» DESCRIPTION OF THE TASK
Word for word and without images, reproduce the listing that follows.

» DATA EXTRACT
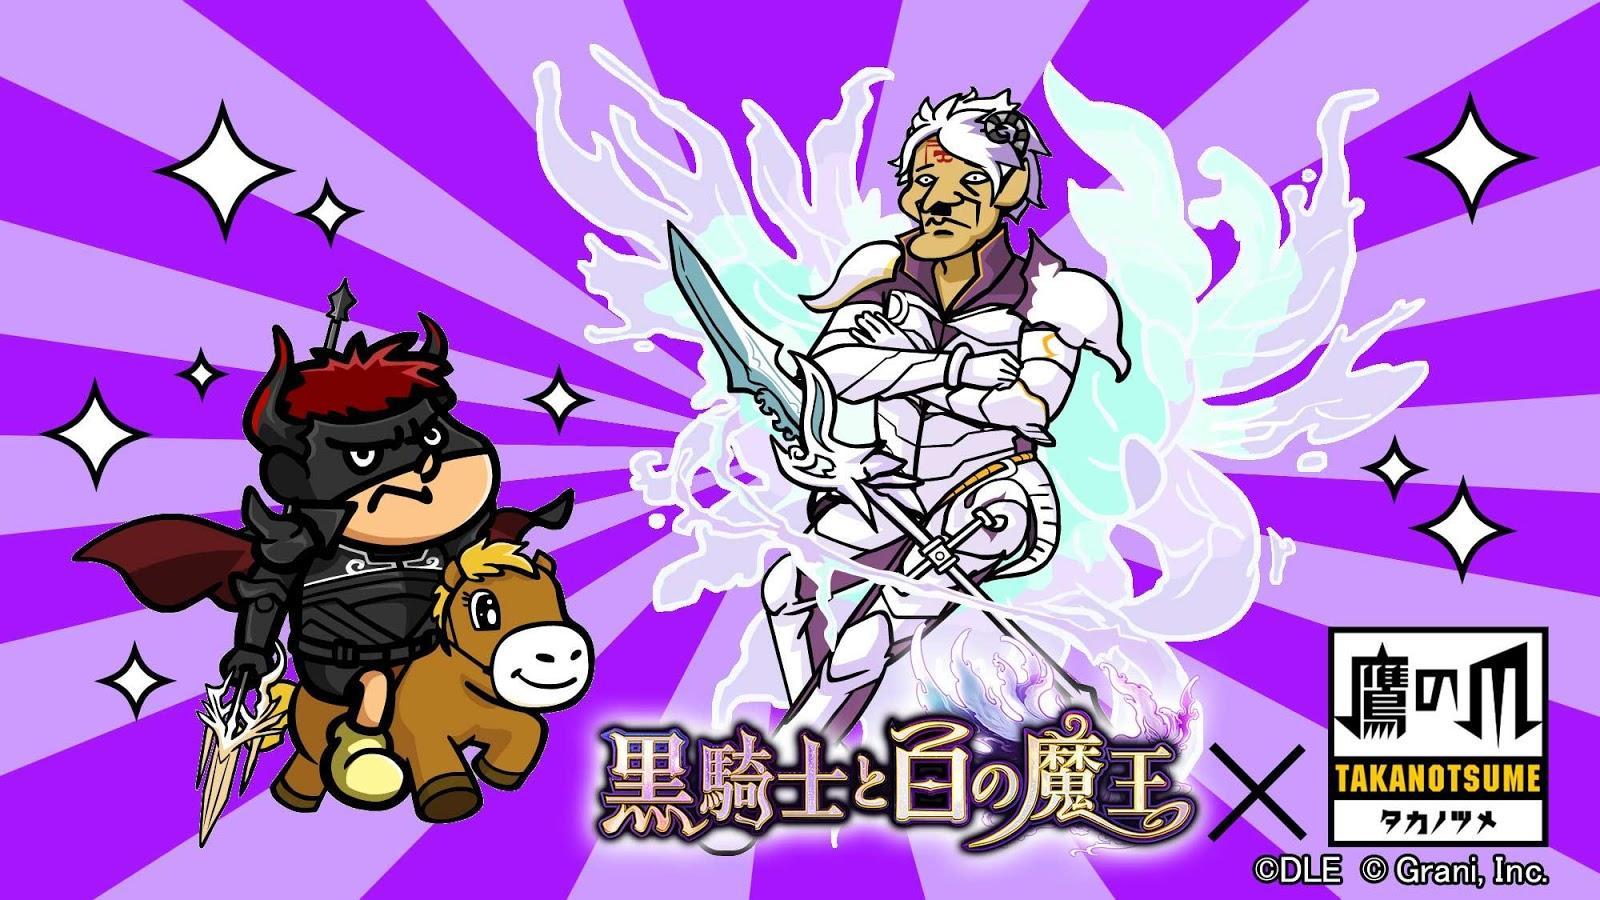 『秘密結社 鷹の爪』、スマホPRG『黒騎士と白の魔王』と初コラボレーション!
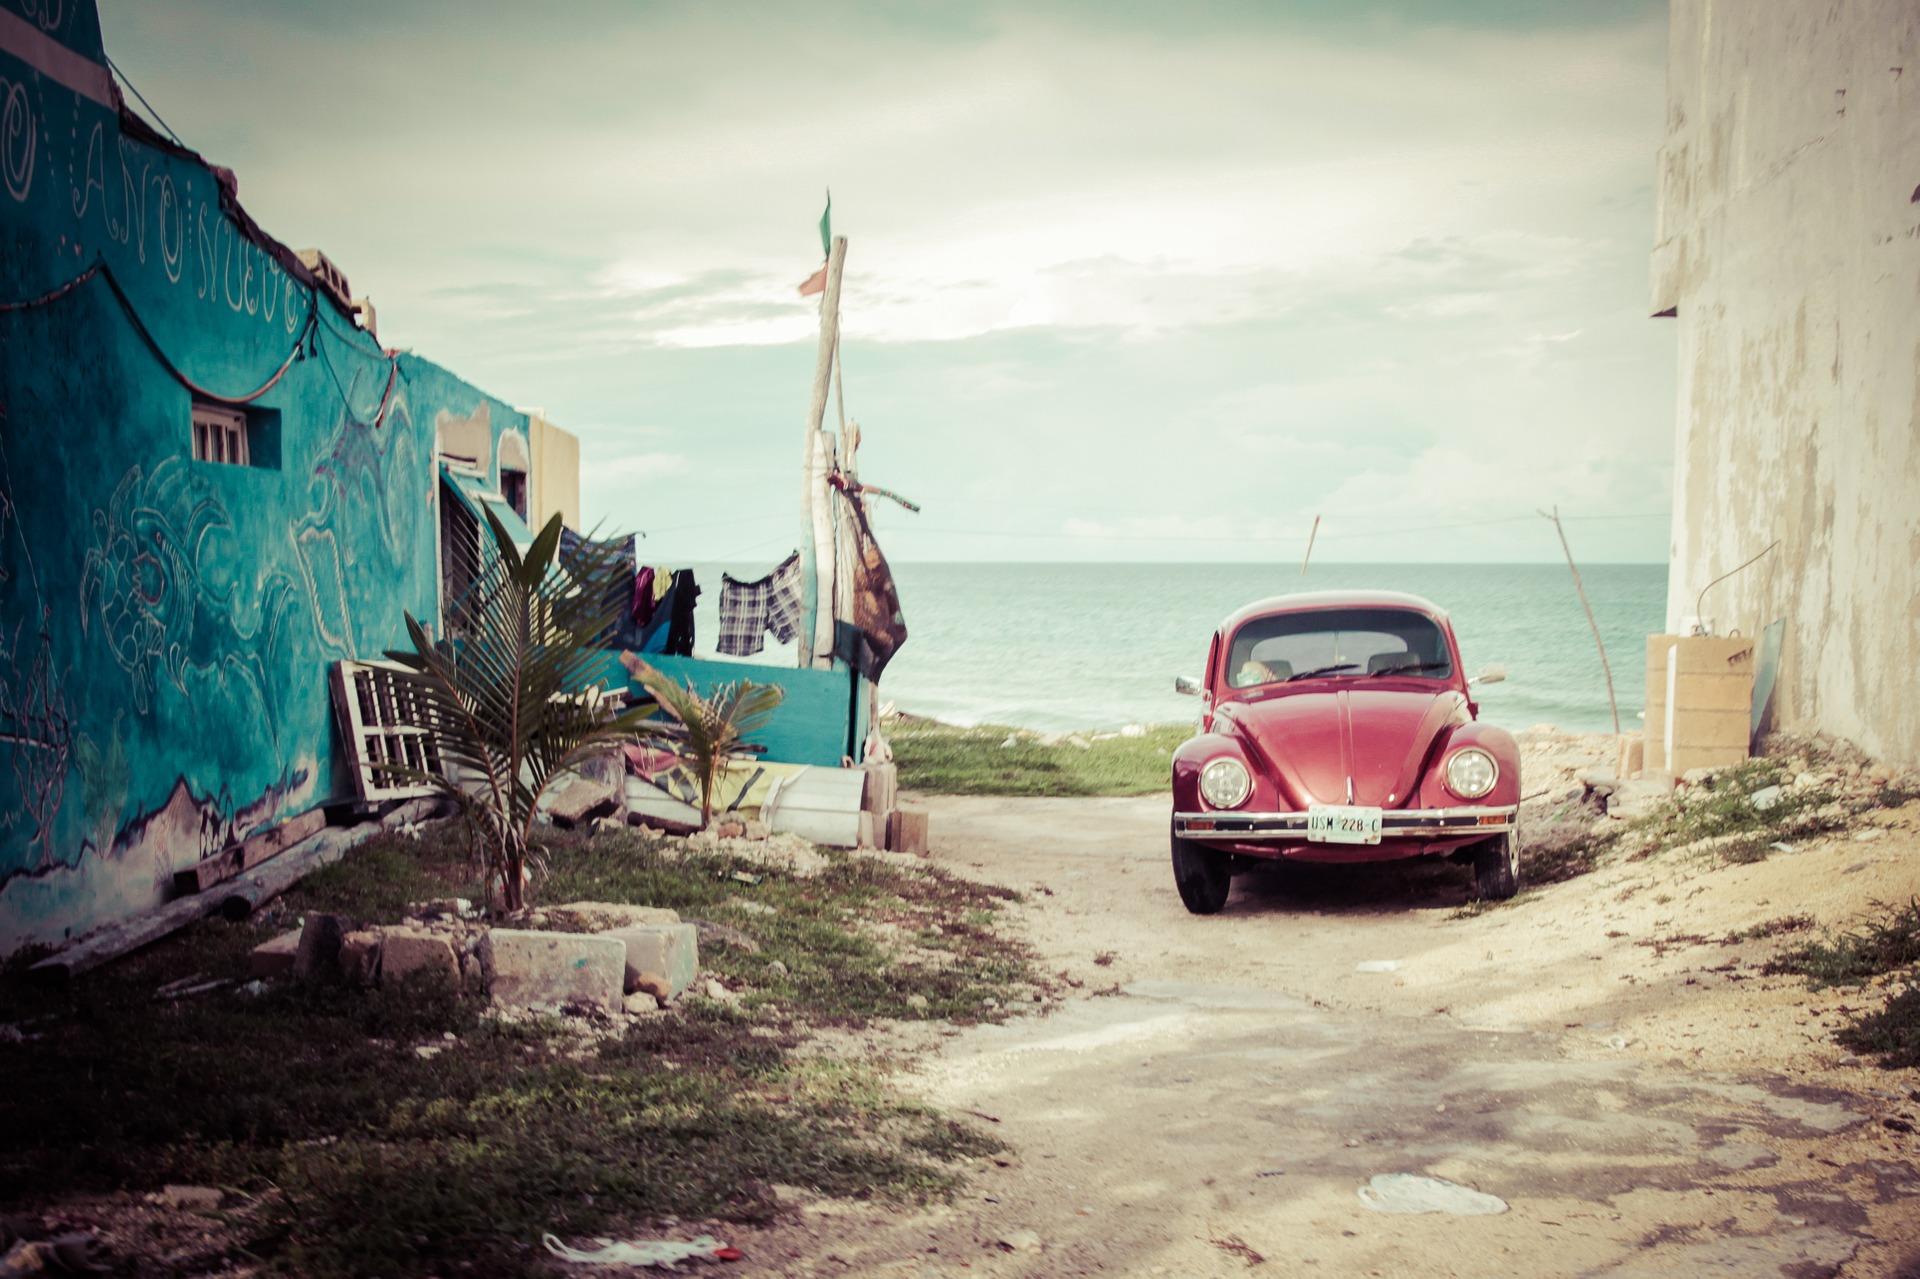 Yucatan, Mexico: Random Acts of Hospitality Series
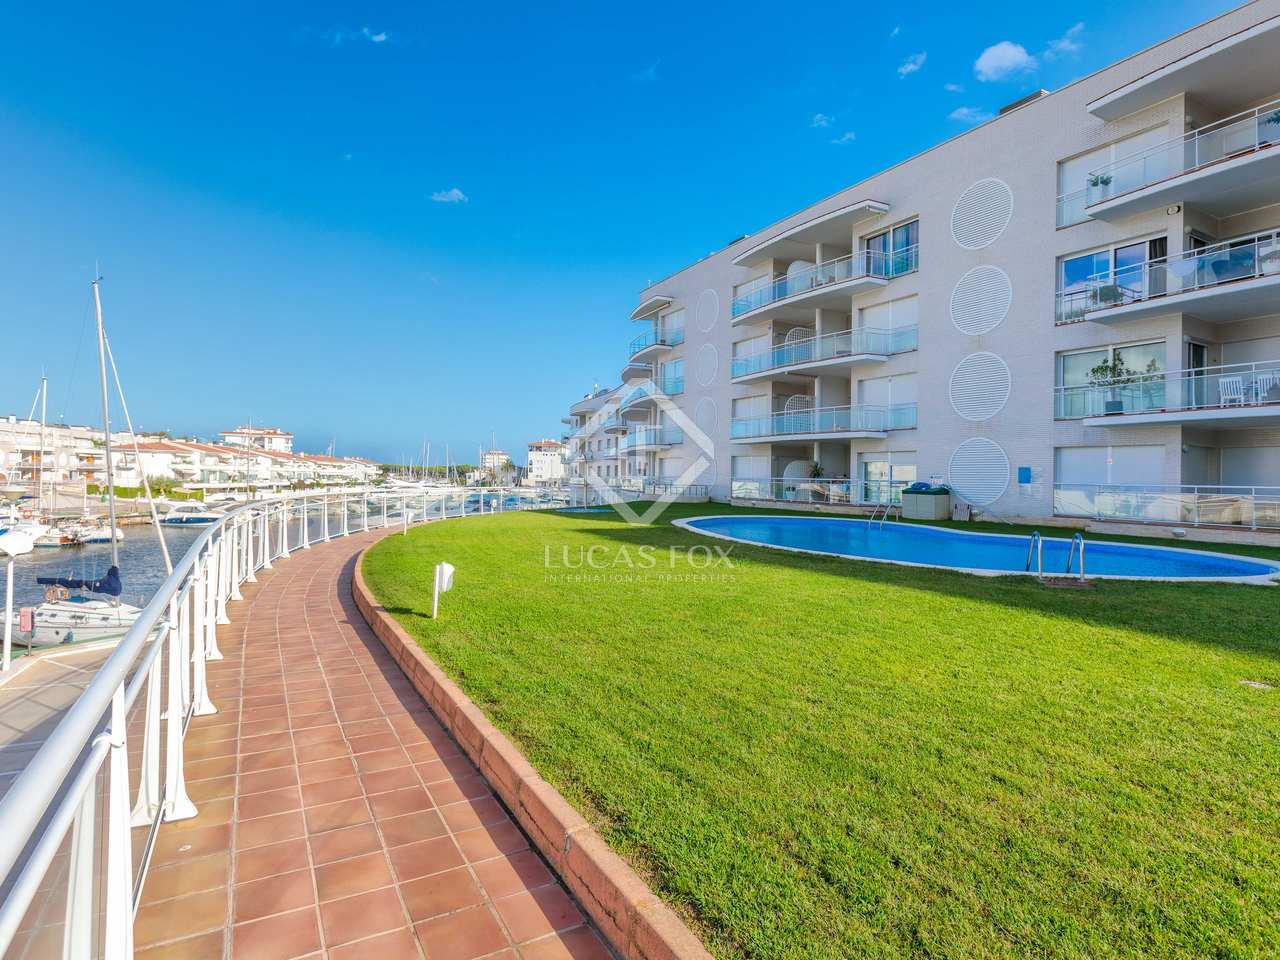 Piso de 110 m en venta en platja d 39 aro costa brava - Alquiler pisos platja d aro ...
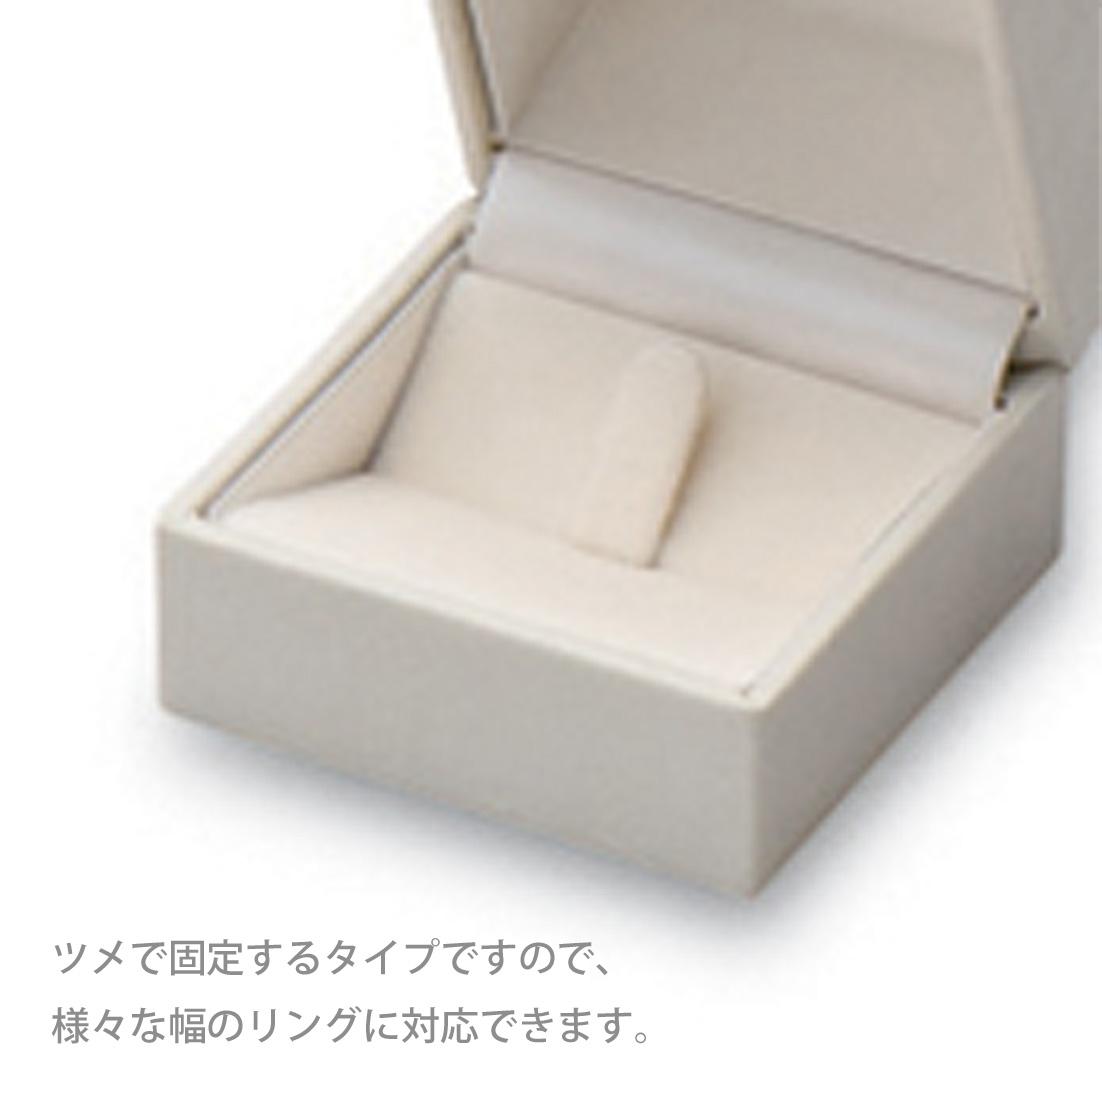 CB-790RL 幅広リング用爪式(12個入) 1個あたり¥601

» RESPONSE TO THIS TASK
 『秘密結社 鷹の爪』、スマホPRG『黒騎士と白の魔王』と初コラボレーション!
 Yucatan, Mexico: Random Acts of Hospitality Series
 Piso de 110 m en venta en platja d 39 aro costa brava - Alquiler pisos platja d aro ...
 CB-790RL 幅広リング用爪式(12個入) 1個あたり¥601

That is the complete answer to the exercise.